Top Picks 2017: NMI Holdings
01/13/2017 6:00 am EST
My Top Pick for more speculative investors for the coming year is a provider of private mortgage insurance, notes Timothy Lutts, editor of Cabot Stock of the Week.
NMI Holdings (NMIH) was started in 2013 to take advantage of the opportunity presented by the collapse of the industry in the wake of the Great Recession
I think the company will do well over the coming year as the housing industry gains strength.
Fundamentally, the company boasts fast-growing revenues (up 142% in the latest quarter) and growing profit margins (17.4%).
NMI Holdings is still small in size ($35.5 million in revenue in the latest quarter) and that enables rapid growth. In fact, analysts are expecting earnings to jump 315% in 2017.
The risk profile of NMI’s clients is extremely low (80% of its borrowers have FICO scores above 720) and none are interest-only loans and none are zero-down payment.
As a result, NMI’s loss ratio (ratio of claims that have been paid divided by premiums earned) has hovered just below and above 2% during the past few quarters.

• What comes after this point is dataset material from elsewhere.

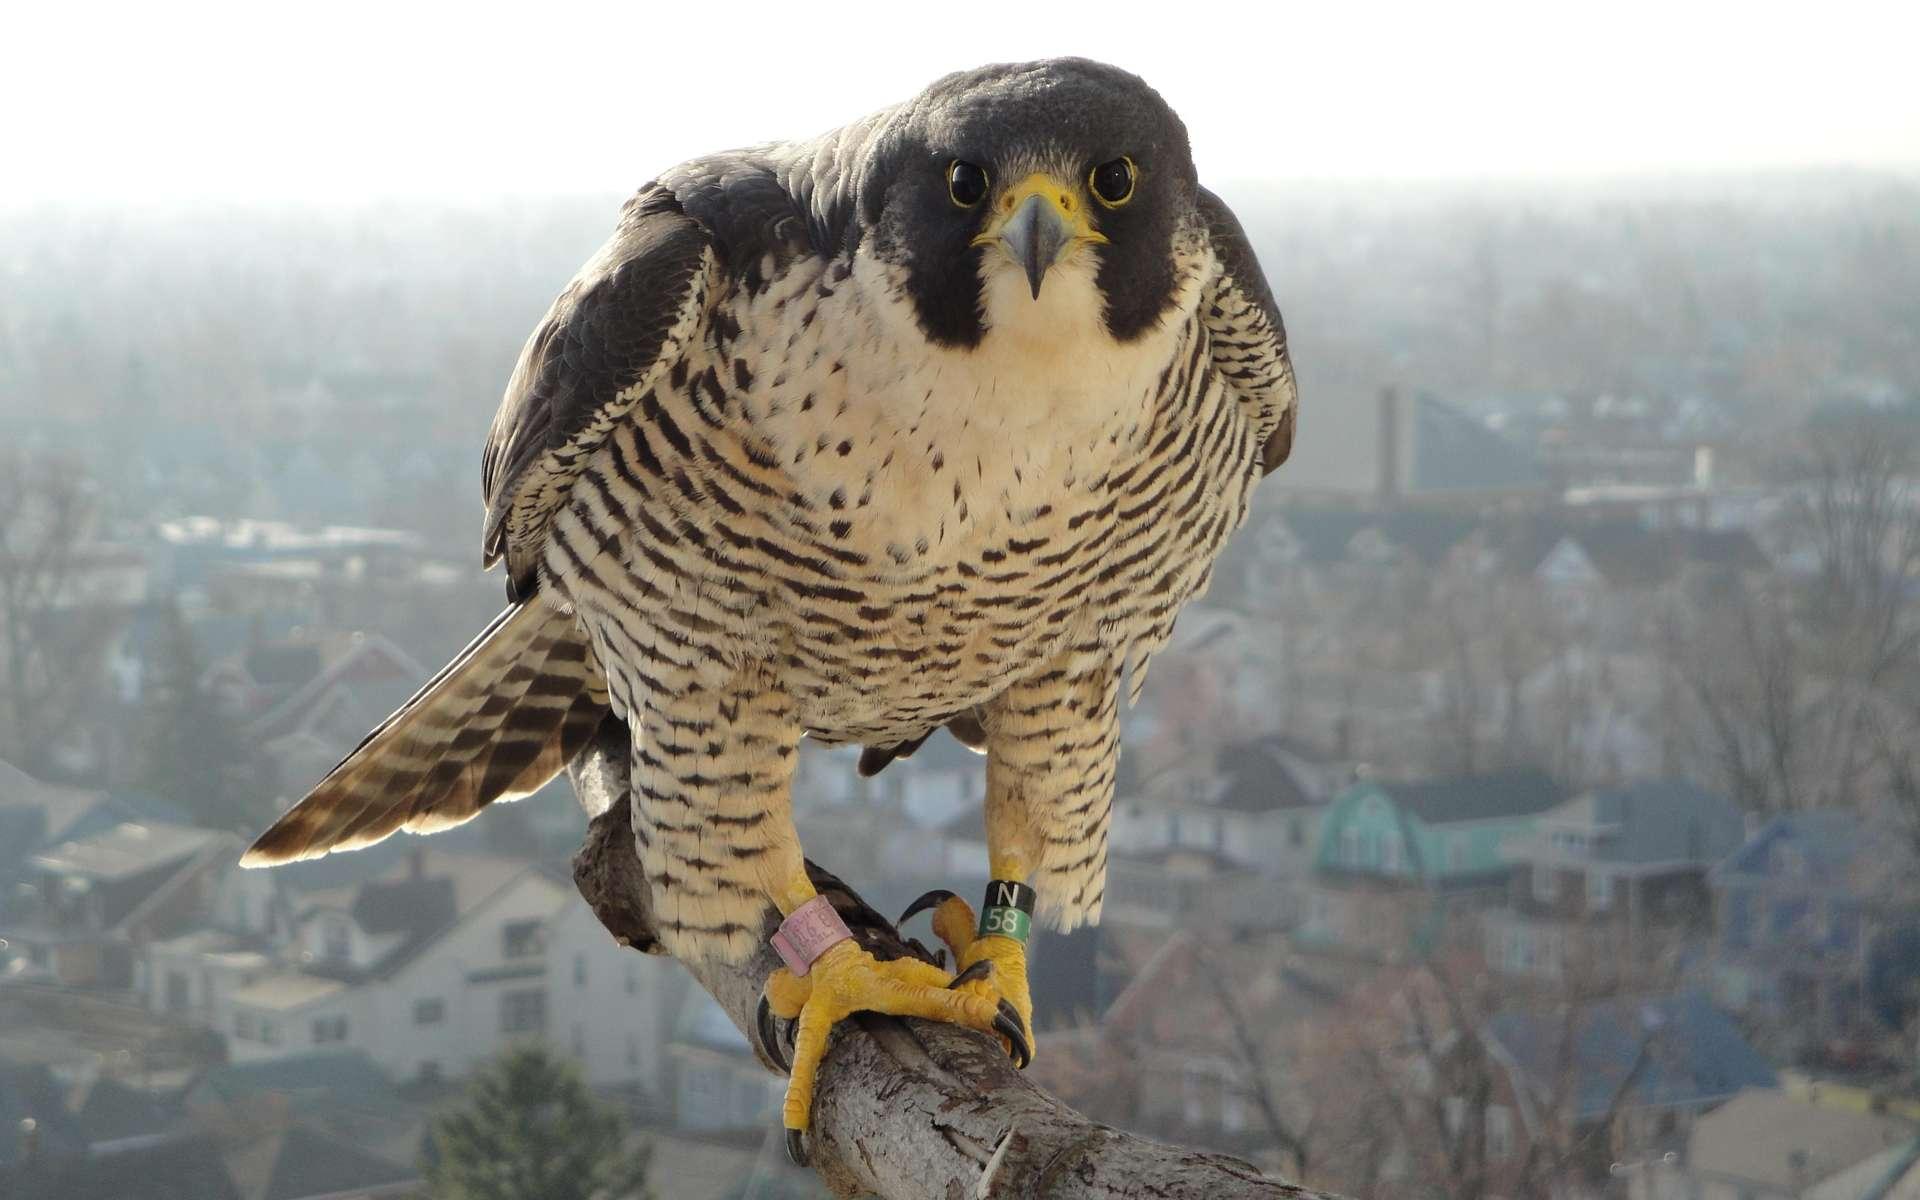 Ce résident du campus de l'Université de Buffalo surveille d'un œil inquisiteur le nid établi dans la tour Mackay. © University at Buffalo

And, as interest rates climb in 2017, the company’s portfolio ($686 million portfolio in fixed income at the end of September, with a weighted-average A credit rating) should benefit.
Technically, the stock has been strong since July, climbing from $5 to $10 in December, and just breaking out into the double-digit levels that institutions prefer later in the month.
As with any low-priced stock, volatility should be expected, but intelligent buying on dips should pay off very well.